SÍNDROME DE DOLOR MIOFASCIAL

El Síndrome de Dolor Miofascial (S.D.M.), asociado a puntos gatillo es, en realidad, una disfunción neuromuscular con tendencia a la cronicidad, es un cuadro clínico frecuente que cada vez se diagnostica más, porque se conoce mejor, y se trata más eficazmente. Puede afectar a cualquier músculo, pero tiene predilección por los que se encuentran en cuello y cintura escapular.

Se sabe que cualquier inflamación, traumatismo agudo, traumatismos de repetición, exposición al frío y otros factores estresantes musculares pueden desencadenar mecanismos patogénicos, los cuales dan origen a que la fascia, el músculo que contiene y en ocasiones otros tejidos conjuntivos flexibles y elásticos vecinos, pierdan su elasticidad. Con ello la fascia y el músculo se acortan y duelen, generando en una zona del mismo, una banda tensa en cuyo interior alberga un punto hiperirritable, el llamado "Punto Gatillo" (P.G.) o Trigger Point”.
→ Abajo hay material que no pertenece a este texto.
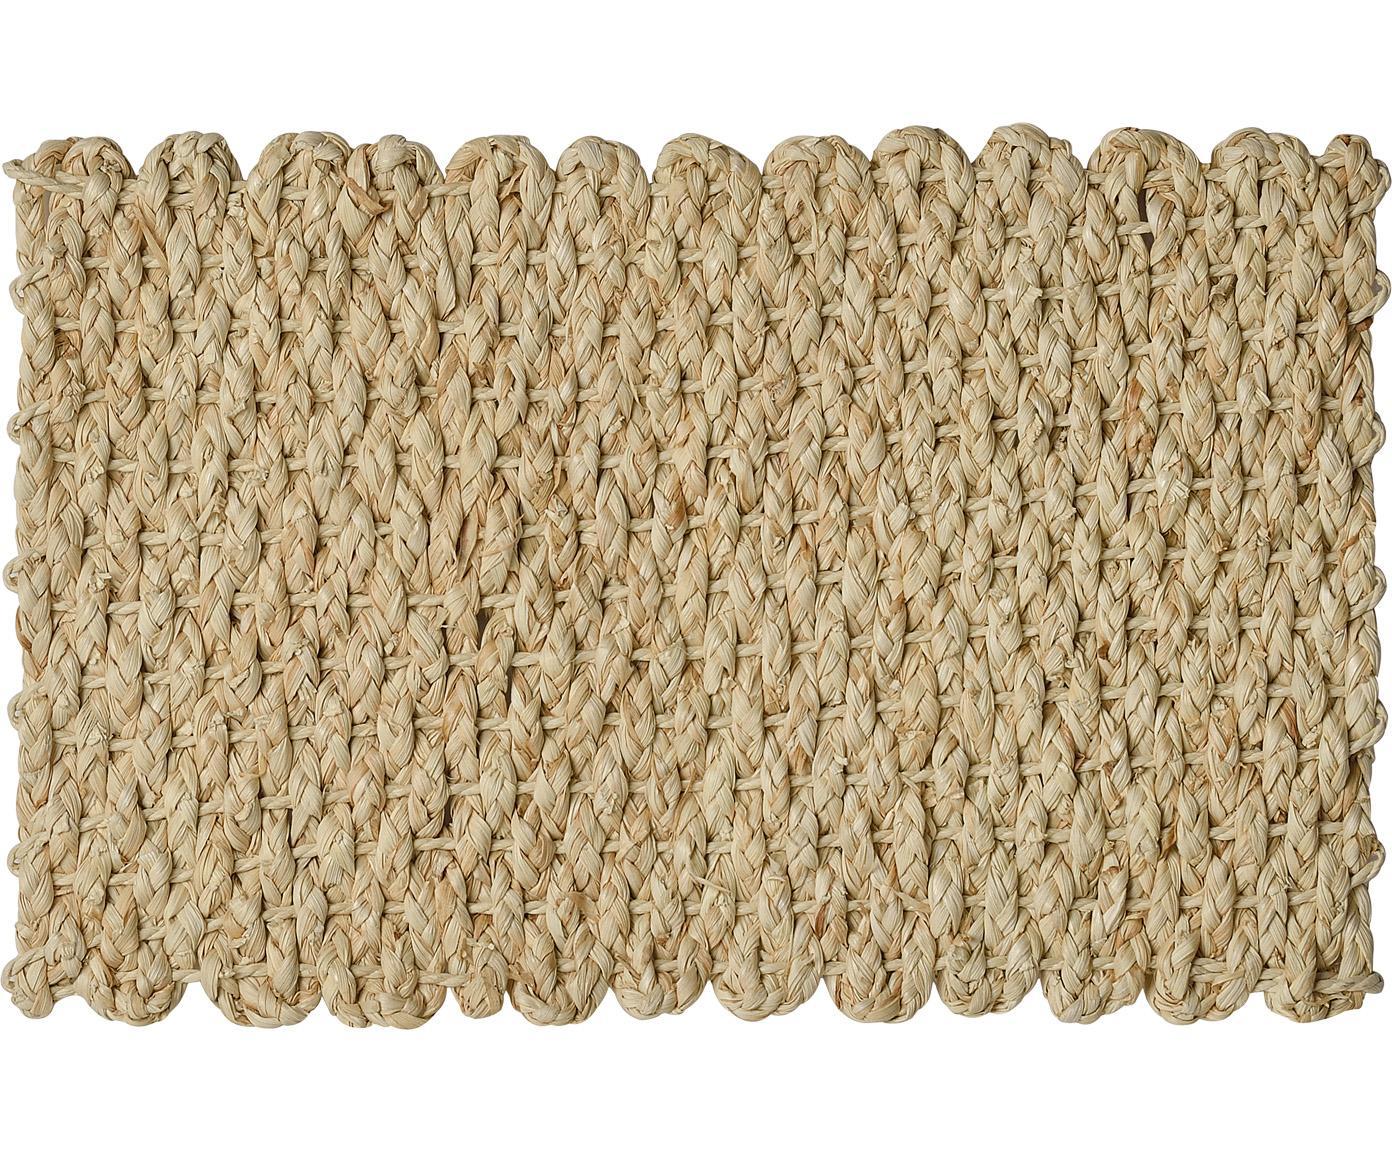 Placemats Cascada van maïsbladeren, 2 stuks, Maïsstengels, Maïskleurig, 30 x 45 cm

Si la tensión inicial, generadora de: el acortamiento, el dolor y el espasmo, no se trata, y no se liberan (liberación miofascial) la fascia y los músculos portadores del P.G. activo, el cuadro se cronifica y el dolor referido es más insoportable, dando lugar a otros P.G. secundarios y satélites, que cada vez complican más el cuadro. Por otra parte, como consecuencia de la cronificación, el músculo se acorta más, se hace menos elástico, está más limitado y débil, duele más, generando una gran tensión local y regional, que es difícil de tratar.

Algunos autores han encontrado que se pueden encontrar P.G. (latentes) hasta en el 50% de la población sana adulta joven. A medida que aumenta la edad y disminuye la actividad física los P.G. latentes son más frecuentes. Tiene una mayor frecuencia entre los 30 y los 50 años, y en mujeres más que en hombres.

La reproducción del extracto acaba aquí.